Красота сравнения пугающая, взгляд несет на себе, вносит смерть; смерть задевает как вид, всякий, окончательный, последний; в каждом увидении мы умираем; и так далее, ниточка чтения будет разматываться долго, я бы сказал, без конца. Вы, которая не поклонница Бродского, сразу сделали для него больше, чем все восторги, задели его смертью, не прискорбной скоропостижной творца, а простой и всякой, человека. Я, читая, при событии воскрешения, возвращения, напоминания о том, сколько смерти в каждом взгляде.

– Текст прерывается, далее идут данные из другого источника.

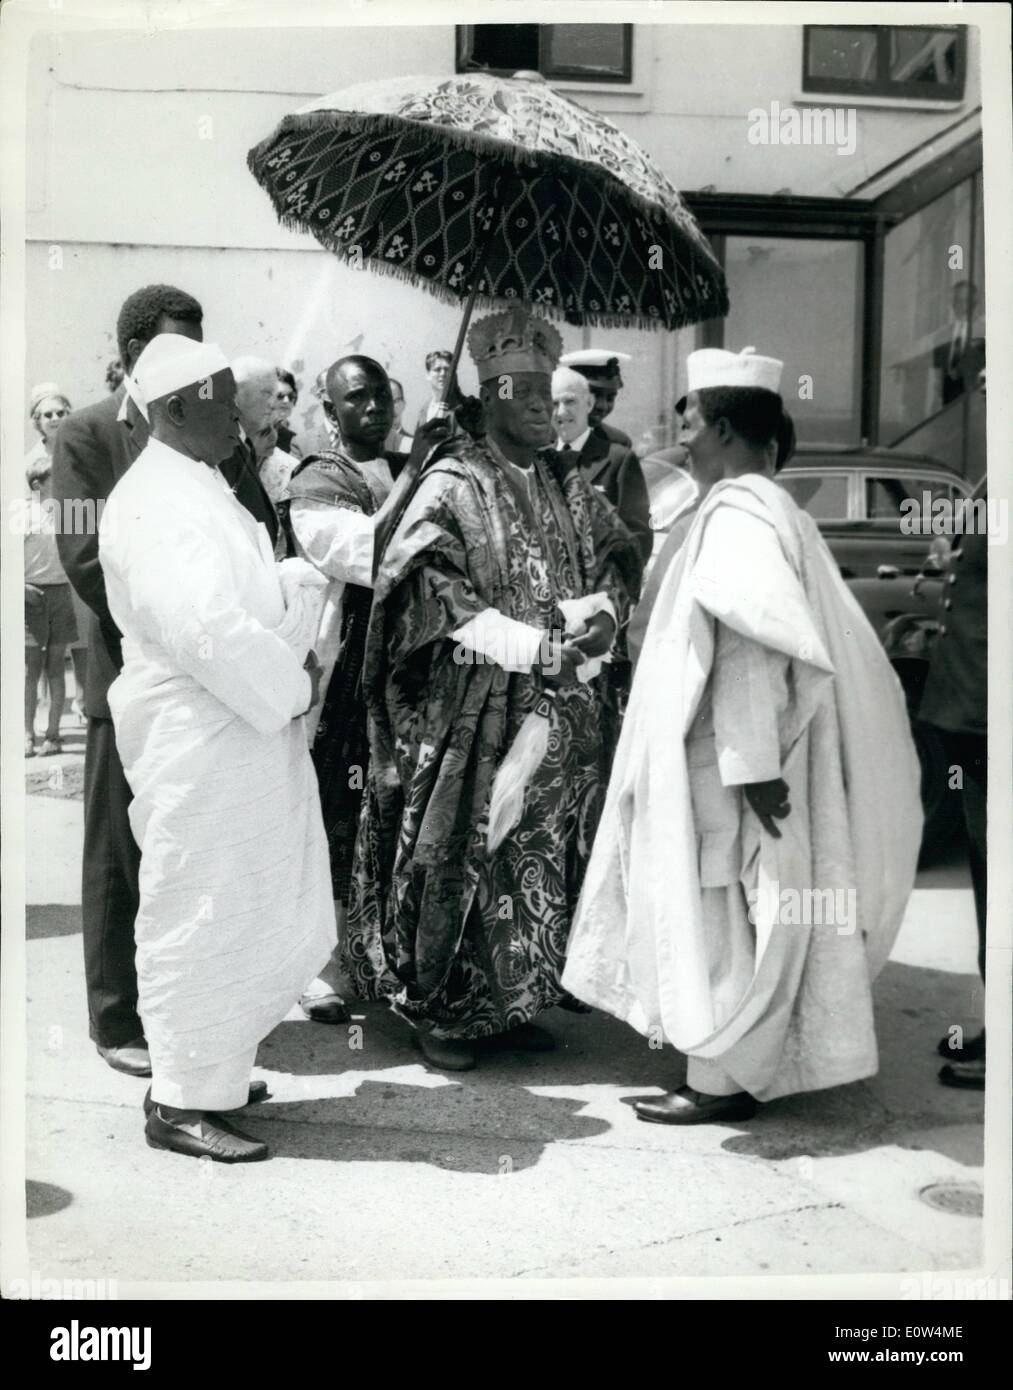 Juin 06, 1961 - Le Navire de la marine nigériane a lancé : H.M.N.S à Enugu, le premier navire à être spécialement construit pour la Royal Navy nigériane a été lancé aujourd'hui à Gosport par Mme Flora Azikiwe, épouse du gouverneur général de la Fédération. Un bateau de la défense de la mer, l'Enugu, va chasser subs. Elle est de 117 par 20 pieds. Sur la photo, sur la gauche, l'Obar de Lagos à l'ombre d'un grand parapluie, parle à Mathew MBU, Ministre d'État à la fonction publique fédérale avant le lancement. Banque D'Images
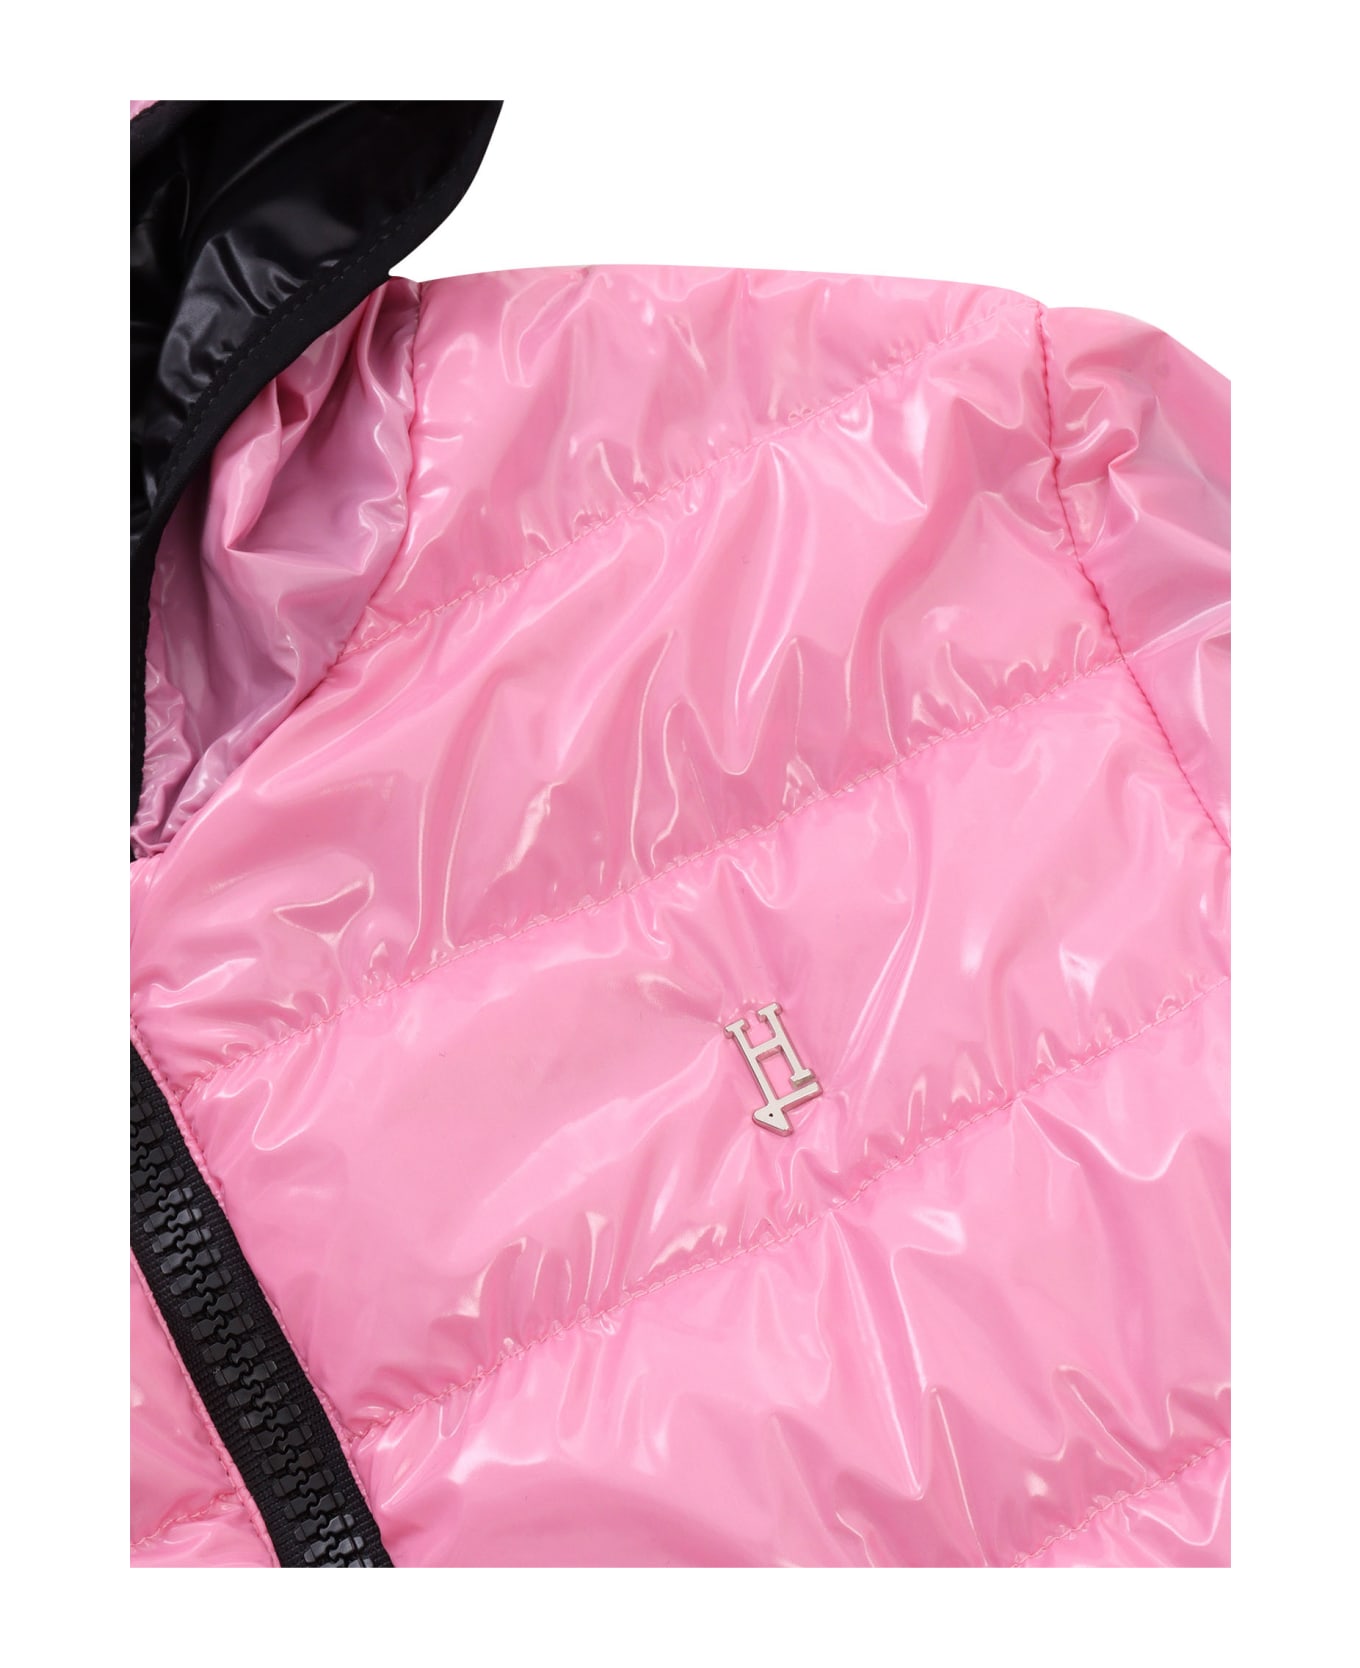 Herno Pink Padded Jacket - PINK

Но я не могу запомнить стихи, выучить их наизусть. Они не укладываются в своей словесной отливке; «уставившись в небо» расползается, «уставившись» оживает одно и обрастает своим пейзажем, в котором «небо» оказывается только одной из возможностей. На слове «скрепа», признавая ее видимую прямоту, я по своему строительному опыту не могу отмыслить ее загнутые под прямым углом острые с рисками-зацепками концы. «Лазурь слепоты» поражает меня сходством с моим непроглядным белым светом, но именно из-за проблеска близости я боюсь приблизительности и нахожу разницу. Из-за интерференции с моим белым светом «лазурь слепоты» не ложится на ум. «У края изгнанья, за краем конца» заставляет думать о проблематичности, все-таки, изгнания Бродского, в какой мере оно было его замыслом и, значит, не изгнаньем, как у Данте, побежденного в поединке. Зато надгробным камнем, прочно навсегда ложатся слова «Так мертвый уносит, захлопнув свой том, ту позднюю осень с названьем “при нем”». У каждого целый мир, и смерть — конец его всего, но невидимо шатающая другой, такой же целый, и у Вас это с блеском и силой сказано в связи с небом, тонущим во взгляде. — Ваше принесение на могилу цветов от Ахматовой и Цветаевой, остроумное и безупречное, оставляет Вас при возложении венка в стороне, видно, как Вы внимательно смотрите и неслышно за них говорите — от себя выступать уже не нужно, трое у могилы четвертого говорящая фигура. Вы вообще не столько говорите, сколько делаете. «И над всею потравой над долинами слез… он встает на колени», дым, цветной туман. Поэзия измеряется количеством сделанного, Вы делаете и дарите всегда много.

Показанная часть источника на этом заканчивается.